Бойцы сняли с себя гимнастерки, жгут вшей. Вшей было столько… У немцев в землянках было все благородно устроено, стены обвешаны шерстяными или байковыми одеялами, пол деревянный, не как у русских в землянках. И в то же время огромное количество вшей! Мы от них эту вшивость получали, оттуда. Вот такая самая нормальная жизнь…
Гольбрайх Ефим Абелевич (Интервью Г. Койфмана)
агитатор 163-й отдельной армейской штрафной роты
Курляндия. Уже сообщили, что Берлин взят. Взяли высотку, готовимся к атаке, саперы сделали проходы в минных полях перед нами. Напротив немецкие доты и четыре вкопанных в землю танка.
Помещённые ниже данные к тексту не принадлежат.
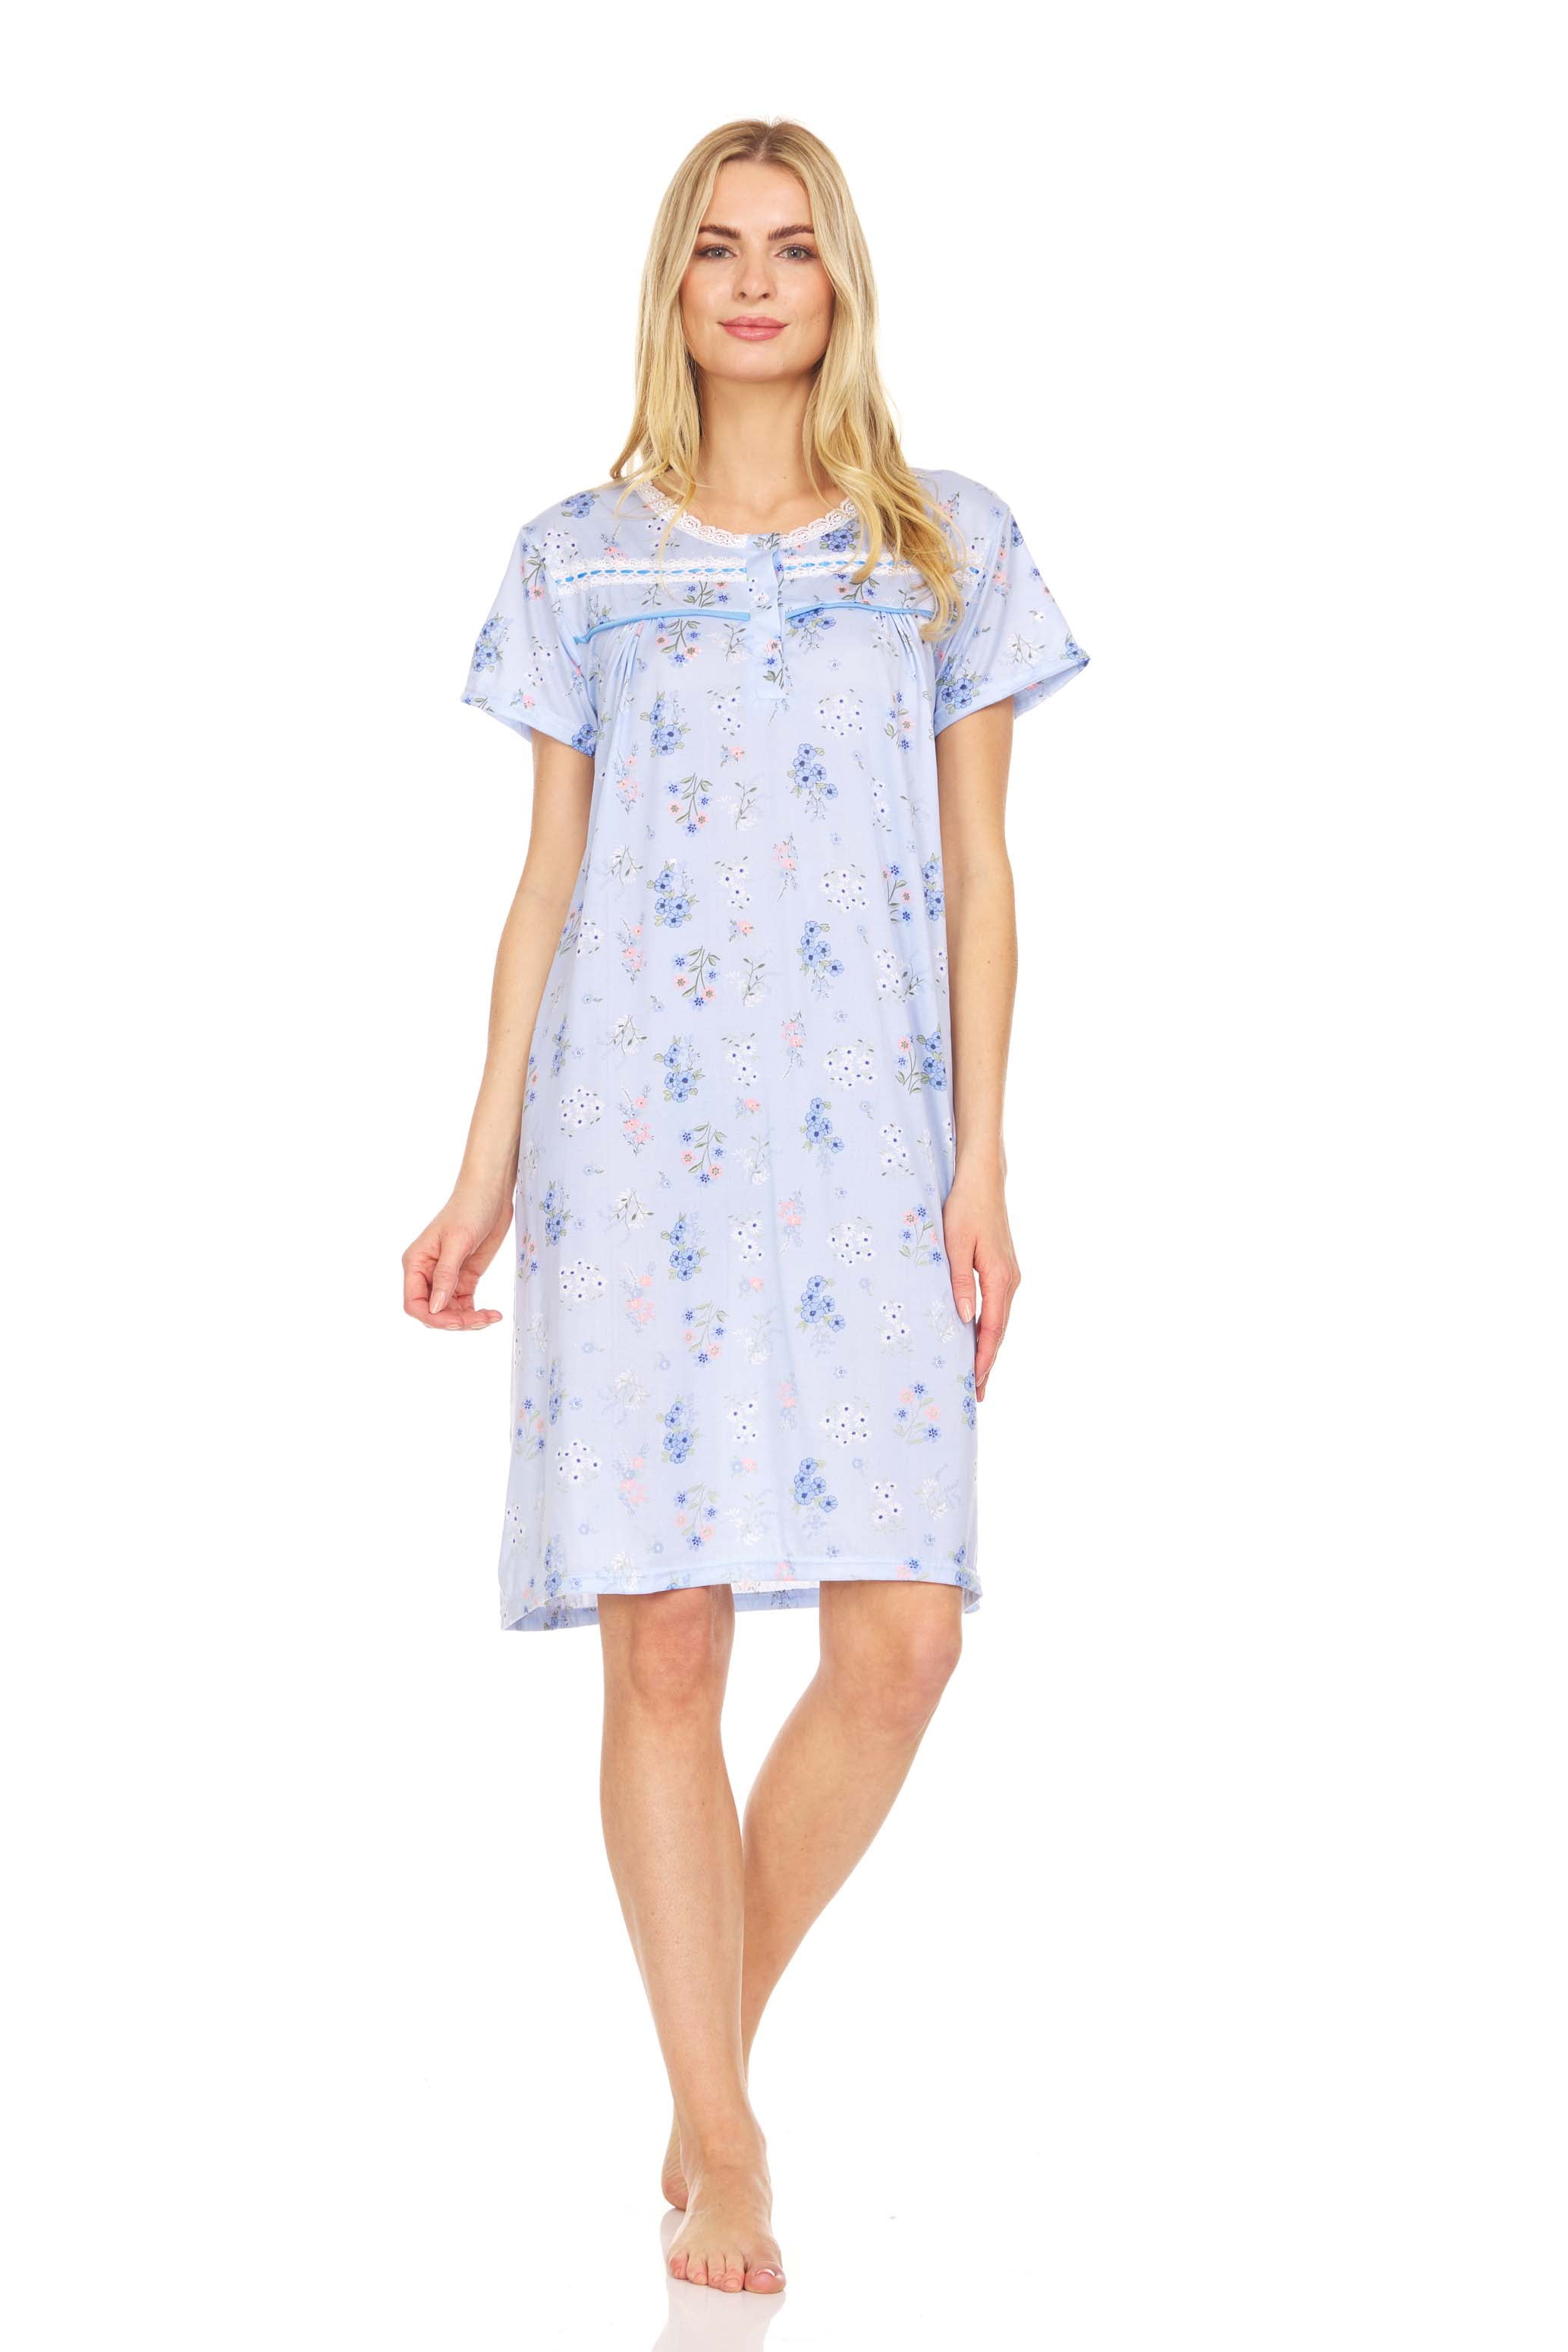 822 Womens Nightgown Sleepwear Pajamas - Woman Short Sleeve Sleep Dress Nightshirt Blue XL

До немцев метров триста. День «не обещал быть приятным». Смотрим, над немецкими траншеями шатаются белые флаги и исчезают. Все разочарованно вздыхают и матерятся. Вдруг белый флаг твердо возвысился над бруствером. На всякий случай артподготовку мы отменили. К нашим окопам никто не идет, видно боятся получить в спину пулю от своих. Все смотрят на меня. В роте я один знал немецкий язык, и иногда приходилось допрашивать пленных. Боец, стоявший рядом, мне говорит: «Да если что, мы от них мокрое место оставим». И оставят… Такое подразделение… Только я не увижу того самого мокрого места. Встаю демонстративно на бруствер, снимаю пояс с пистолетом, кладу на землю автомат. Достаю носовой платок, цветом отдаленно напоминающий белый, и на негнущихся ногах иду в сторону
противника по разминированной тропинке. Тишина. Фронт замер. Вдруг сзади шаги. Один из наших штрафников, молодой и здоровый парень, меня догнал. Пошли дальше вдвоем и добрались до немецкой обороны целыми. Спустились к немцам в траншею. А они митингуют, кричат, на нас кидаются. Половина из них со знаками войск СС. Да, попали… Мой солдат нервничает, пот с него градом катится, да и я тоже гранату в кармане «ласкаю». И думаю про себя: «Это же надо, в последний день так глупо погибнуть придется!..» Немцы говорят быстро, я от волнения слов не разберу. Привели к оберсту. А у меня ступор, кроме «Сталин гут, Гитлер капут», не могу ничего внятно сказать. С трудом овладел собой и командным голосом заявляю: «Гарантируем жизнь, питание, сдаваться выходить колонной через проход в минном поле, следовать строем в наше расположение и т. д. и т. п.» Оберст только головой кивает, понял, что я еврей, до разговора со мной не унижается. Пошли назад, я все эти метры ждал выстрела в спину. Обошлось. Когда немцы шли сдаваться, бойцы кричали «Ура!» и обнимались. Все понимали, что война для нас кончилась и мы остались живы!!! Пленных немцев разоружили, «освободили» от часов и отправили дальше в тыл.По случаю завершения войны весь личный состав нашей роты был амнистирован.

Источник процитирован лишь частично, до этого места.